The restaurant is run by brothers Paul & Mark Trevaud and the emphasis is on great food and great service - sounds simple but as other restaurants have proved, hard to achieve. Paul as front of house makes it look effortless while Mark in the kitchen puts his stamp on wonderful ingredients. The menu was so interesting that it was hard to choose.... Eithne opted for the slowcooked pork belly as a starter - a dish with moist pork, beautifully presented while I couldn't say no to the rustic tomato soup which came drizzled with pesto and scattered cheese over it. Rustic meant chunky and for once, I loved a soup that had bits in it. My mum would have said, it taste like a tomato should taste. For mains, we were in trouble - so many good sounding dishes... although the menu is not overcrowded, the choice is hard. Finally, Eithne went for the bakes hake that came with a curried beurre blanc - a nice hint of curry, hardly there went so well with the hake that you could believe they were married. I was not able to choose between the pumpkin lasagne and the forrest mushroom risotto.... so I was offered a combo.... I was in heaven. The pasta for the lasagne, I learned was made by the chef..... he could be Italian for all I know rather than being a hardcore Kerry Man. The lasagne was cooked perfectly, the sweetness of the pumpkin went so well with the tomato based sauce mingled with cream and mild cheese.... I was in heaven.... but hey, we still have the risotto...... these days, loads of people say they are using wild mushrooms and you wonder where the taste of mushrooms went on vacation - not here, the risotto was perfectly cooked, not too hard, not too soft and the mushrooms gave the rich, dark earthy flavour they are suppose to have.
Paul recommended a lovely bottle of white Rioja - a perfect suggestion as it was light enough not to interfere with the fish but strong enough to handle the mushrooms.
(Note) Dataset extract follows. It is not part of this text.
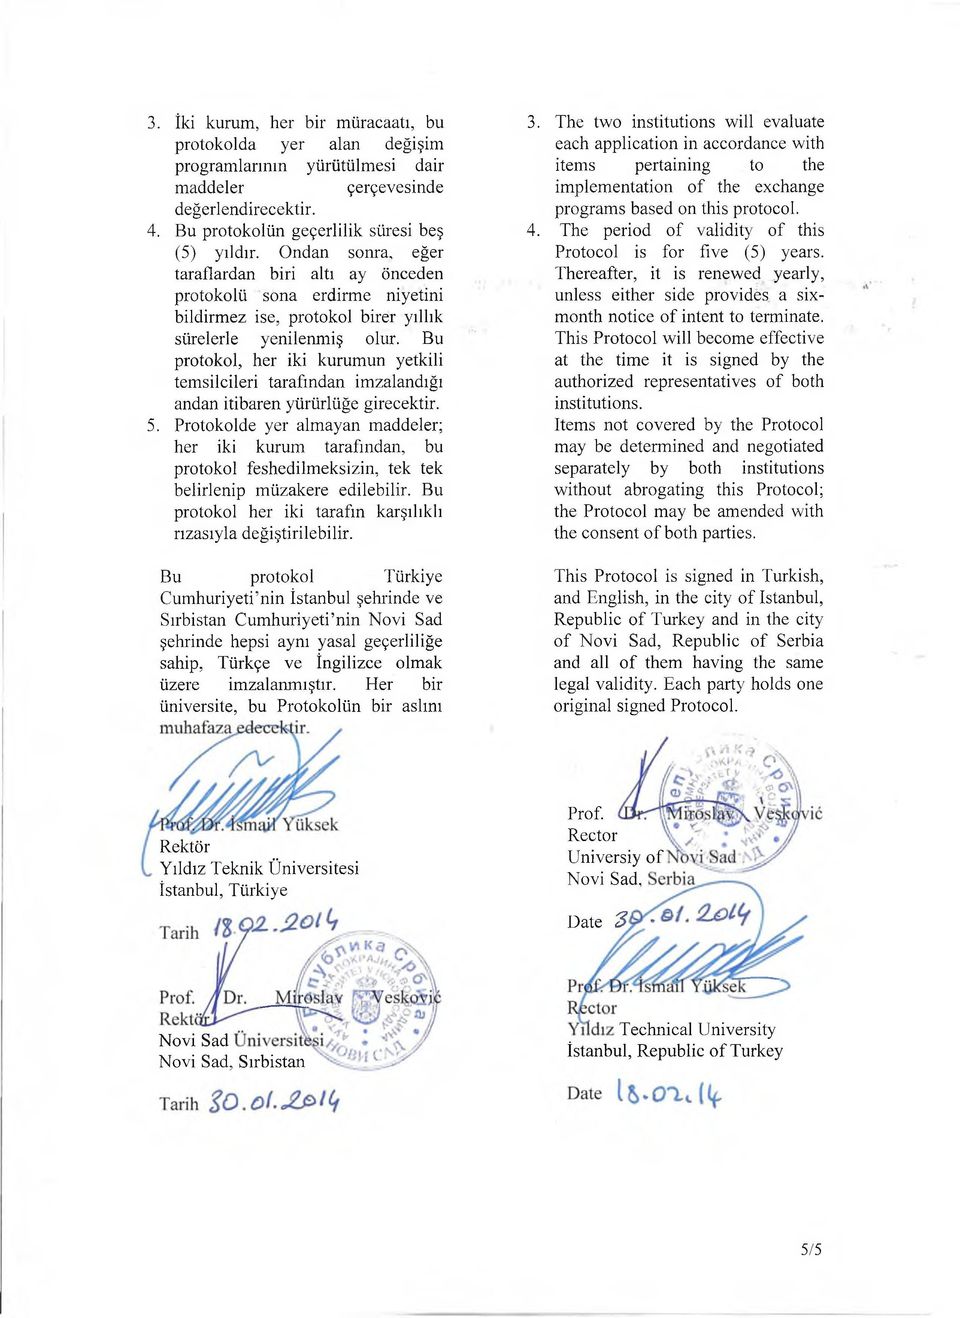 Bu protokol, her iki kurumun yetkili temsilcileri tarafından imzalandığı andan itibaren yürürlüğe girecektir. 5.
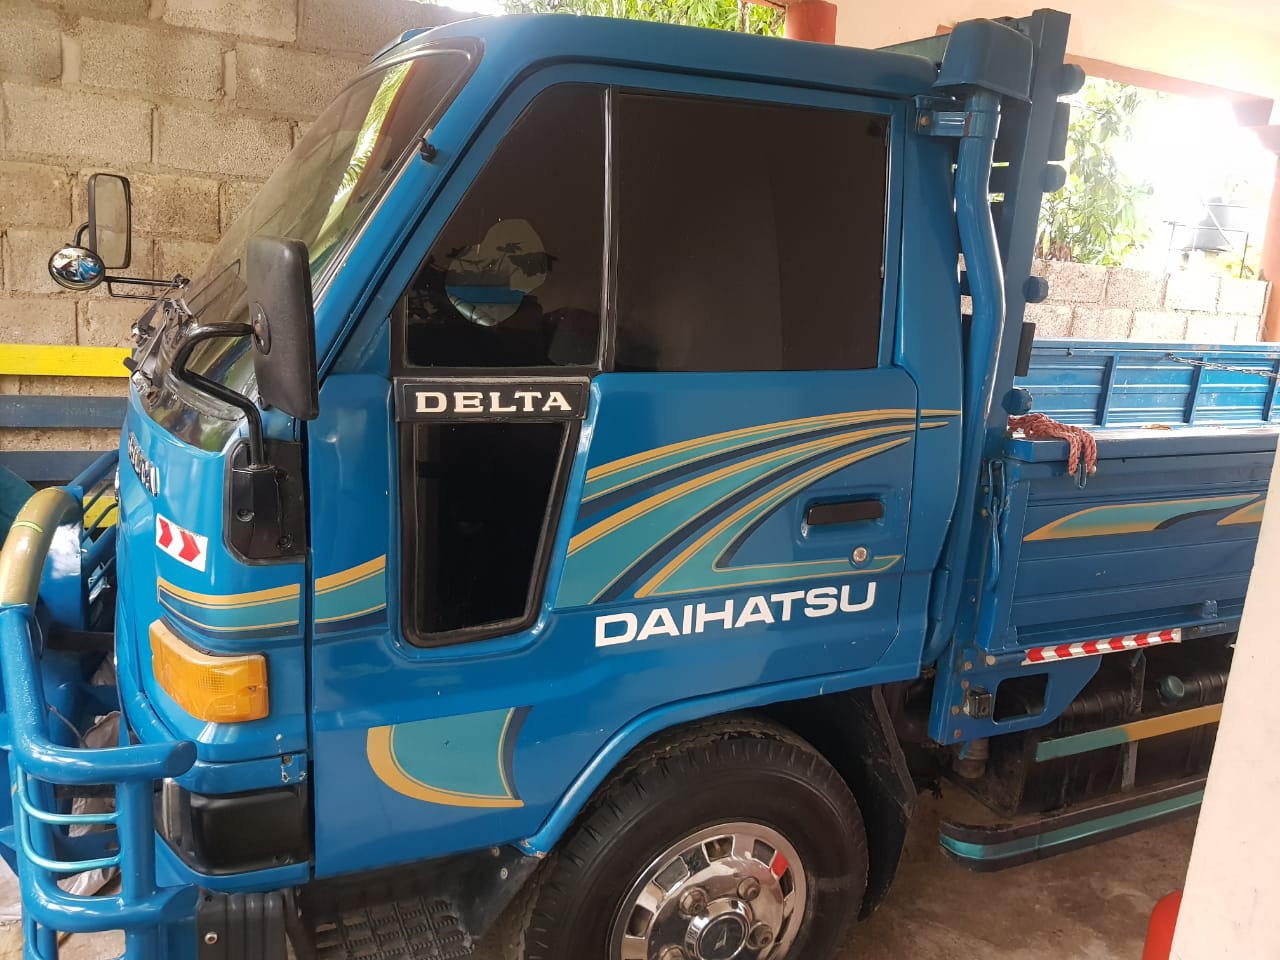 camiones y vehiculos pesados - Daihatsu delta

Desserts???? I don't know as we were both happily full and skipped the dessert in favour of a drink afterwards in the pub opposite to the restaurant. But here is the funny part - Paul Trevaud is a YouTube star with his own cooking channel - he even appeared on the Saturday Show once to talk about his 'hobby' to cook at the most crazy locations, may it be on top of a tree cooking a quail, or top of a snow-covered mountain in his t-shirt. I will definitely be back soon - this restaurant makes Killarney a destination for foodies - I am sure there are more but I think Trevaud's is unique.